Momma's Gourmet Pork Chops
Mother's Day is Sunday, May 11
Entrees normally take center spot on the dining table. I know my eyes seems to always hone in on the main feature of the meal. Sometimes the entree isn't about a big ol' hunky platter presentation but rather a sensory excitement of things to come. These chops are perhaps a little of both.
This recipe comes about in no time, that's the way my Momma liked to cook, spending the remaining kitchen time doing 'craft' projects; sometimes with felt, old bottles and acrylic paint. One of her favorite was recycling the Aunt Jemima Syrup bottles and painting them into funky women with bright, calico aprons with floppy hats. That is how she went about things, taking something like simple pork chops and turning the dish into an entree better than any one I remembered served at our local fancy dinner spot.
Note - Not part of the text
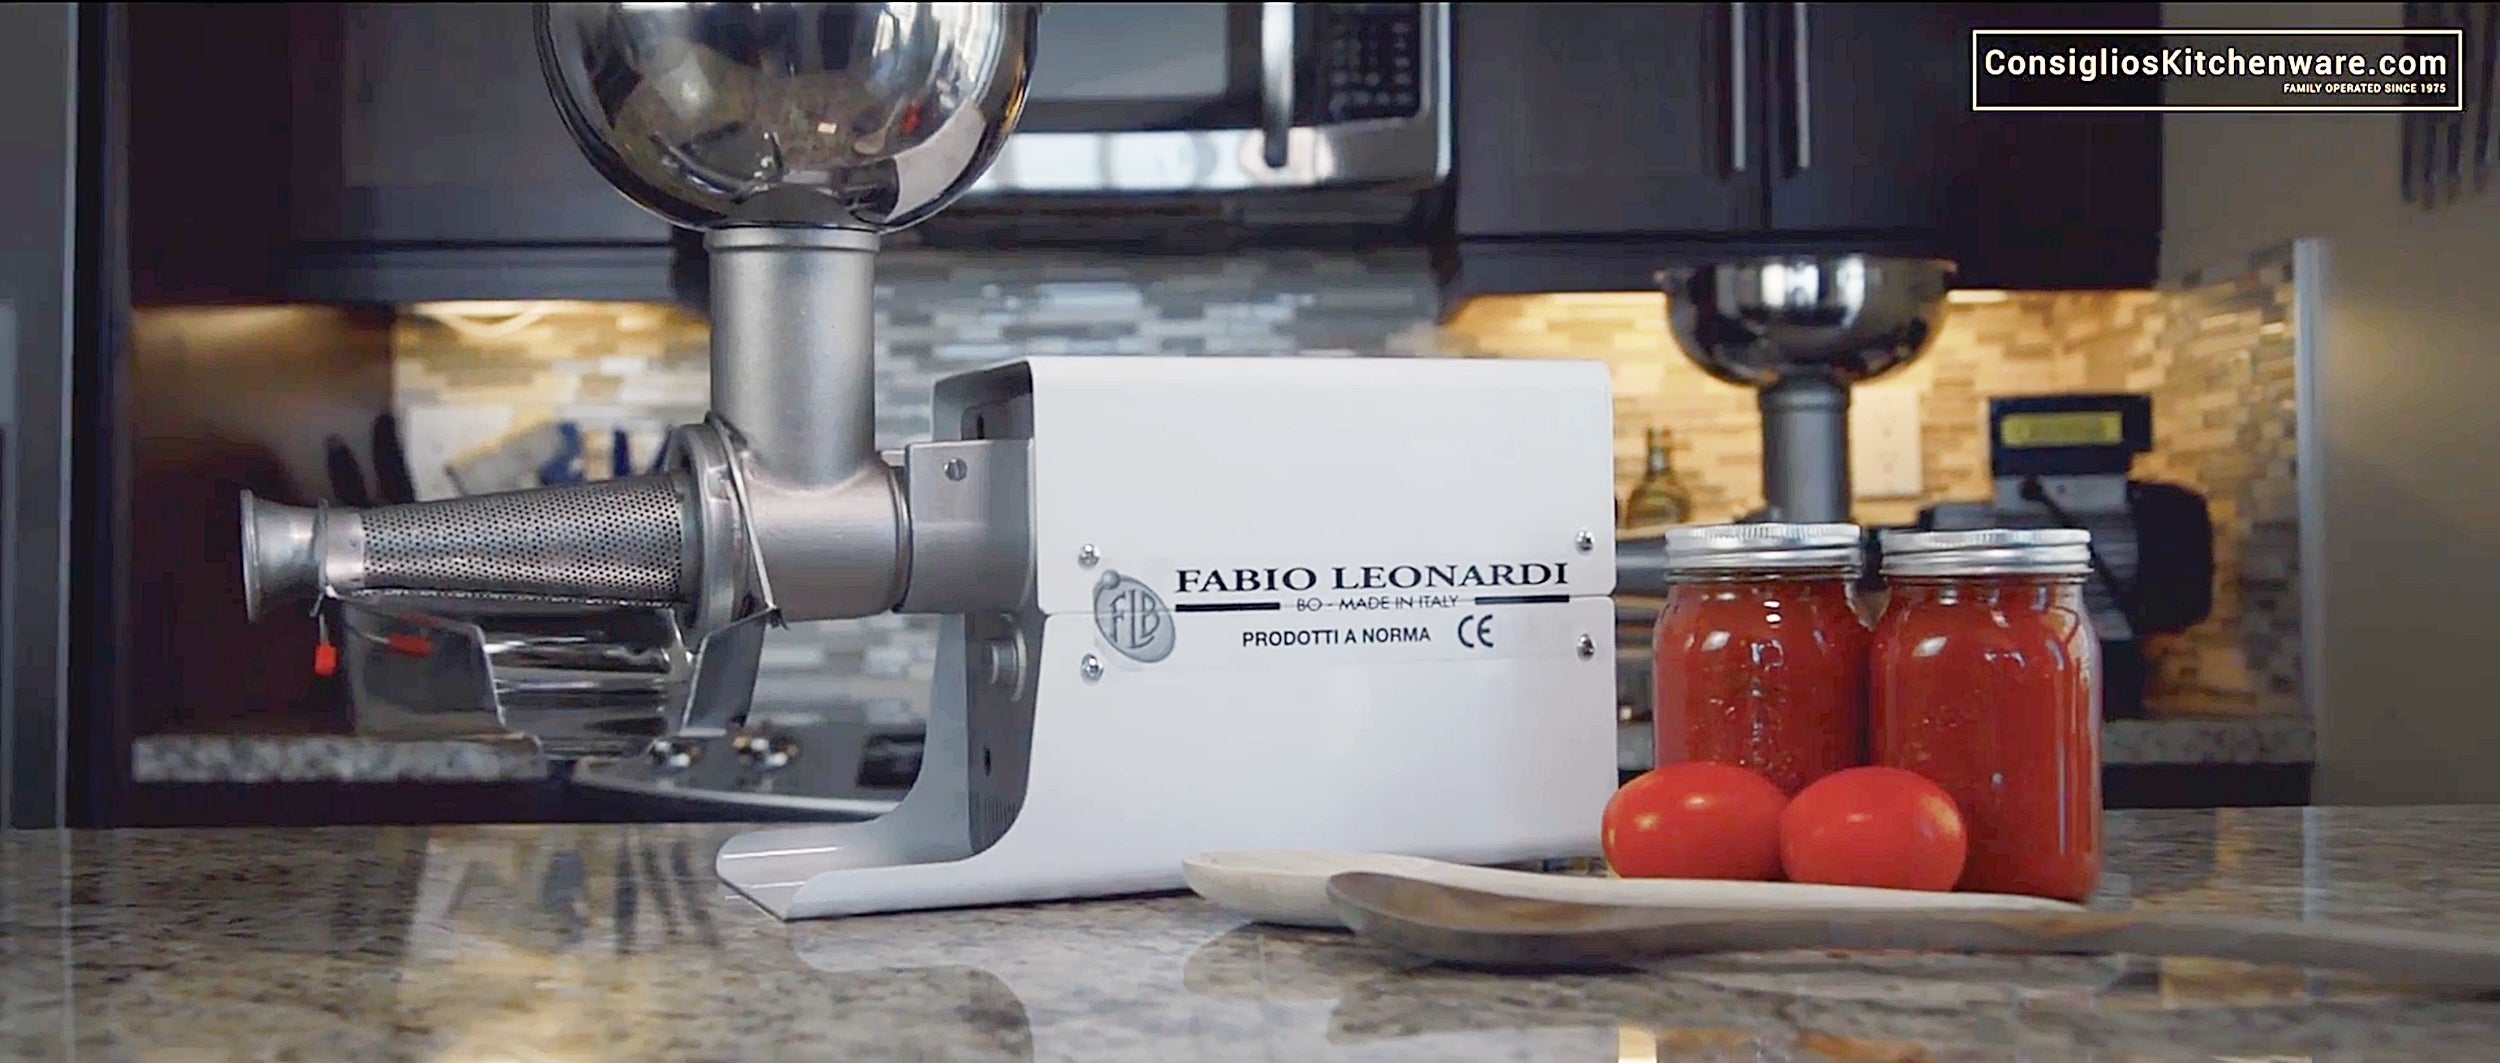 Fabio Leonardi Tomato Milling Machine Buying Guide

This recipe reminds me of momma's, very tasty and gourmet-ish. I hope you try it when cooking your next chops. Enjoy!
Pork Chops with Momma's Gourmet Sauce4 servings
4 -1 inch thick pork chops (I used pork loin)
salt and pepper
1 tablespoon cooking oil
2 tablespoons melted butter
1/2 small onion, diced
2 garlic cloves, diced
1/2 cup dry white wine (vermouth)
1 cup rich chicken stock (Kitchen Basics)
1 small can sliced mushrooms, rinsed and drained
1/2 teaspoon crushed dried thyme
1/4 teaspoon ground bay leaf (or 1 large bay leaf)
Season both sides of the chops with salt and pepper, then dust with flour rubbing all over. Heat a large skillet over medium-high and when hot, add oil, butter and chops. Brown on both sides and remove to a casserole dish just large enough to hold them. I used an 8-inch square dish.
Add onion and garlic to the skillet and saute until onion is translucent. Add wine, stock, mushrooms, thyme and bay leaf stirring until boil. Simmer for about 5 minutes. Pour sauce over chops.
Cover with foil and bake in a preheated 350 degree F. oven for 30 minutes.
Remove foil (and bay leaves if used) and allow to simmer uncovered for 15 minutes.
Note: If you prefer a gravy, spoon the liquid from the dish into a bowl after the 30 minutes and whisk in a thickener (1 tsp butter + 1 tsp flour or 1 tsp corn starch). Spoon the gravy over the chops and continue cooking the 15 minutes to thicken up.